Selain itu, peralatan militer seperti tank dan kendaraan tempur akan dibebaskan bea masuk, sementara untuk senjata api akan diturunkan bertahap selama tujuh tahun. Untuk produk furnitur, sebanyak 162 pos tarif kayu dan barang dari kayu akan dikenakan bea masuk nol persen dalam tujuh tahun, di mana 141 pos tarif lainnya langsung turun menjadi nol persen saat IC-CEPA berlaku.
Kementerian Perdagangan dalam rangkaian program Misi Dagang ke Chile, mempromosikan produk-produk dalam negeri dan memetakan kebutuhan pasar Chile, serta menggali potensi kebutuhan produk untuk negara-negara Amerika Latin dengan memfasilitasi pengusaha Indonesia bertemu dengan pelaku usaha Chile.

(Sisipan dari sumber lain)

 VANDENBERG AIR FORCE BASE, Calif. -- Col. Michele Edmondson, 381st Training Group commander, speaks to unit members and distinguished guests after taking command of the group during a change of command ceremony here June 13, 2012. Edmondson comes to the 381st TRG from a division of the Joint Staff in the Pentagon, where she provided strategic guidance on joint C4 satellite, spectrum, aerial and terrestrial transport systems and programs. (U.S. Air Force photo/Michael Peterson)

"Potensi transaksi yang diperoleh para pengusaha Indonesia dalam misi dagang ini mencapai sebesar 735 ribu dolar AS," kata Direktur Jenderal Pengembangan Ekspor Nasional Kementerian Perdagangan, Arlinda.
Dalam kesempatan tersebut, pelaku usaha asal Indonesia Home Fashions Erry Mahardika mengatakan bahwa dalam One on One Business Matching tersebut setidaknya terdapat enam pengusaha lokal Chile yang berminat atas produk furnitur dan home decor buatan Cirebon tersebut.
"Ada potensi transaksi kurang lebih mencapai 120 ribu dolar AS untuk produk furnitur, ini untuk segmentasi menengah ke atas. Potensi Chile memang besar, pelaku usaha masih menunggu proses ratifikasi kesepakatan kedua negara," kata Erry.
Dengan ditandatanganinya IC-CEPA tersebut, diharapkan mampu menjadi jembatan dan mendekatkan perekonomian yang selama ini dianggap kurang potensial serta memiliki biaya logistik tinggi. Selama ini, wilayah Amerika Latin termasuk Chile bukan merupakan negara tujuan ekspor yang populer bagi kalangan pelaku usaha di Indonesia.
Enggartiasto menambahkan, jika dimanfaatkan dengan baik, maka IC-CEPA bisa meningkatkan nilai perdagangan kedua negara dalam kurun waktu yang relatif singkat. Berkaca dari Vietnam, total perdagangan kedua negara tersebut sudah berada pada kisaran 1-1,2 miliar dolar per tahun.
"Jika dilihat, potensinya sangat besar. Diharapkan, satu tahun setelah ratifikasi, total nilai perdagangan Indonesia dengan Chile bisa mencapai angka tersebut," tutup Enggartiasto.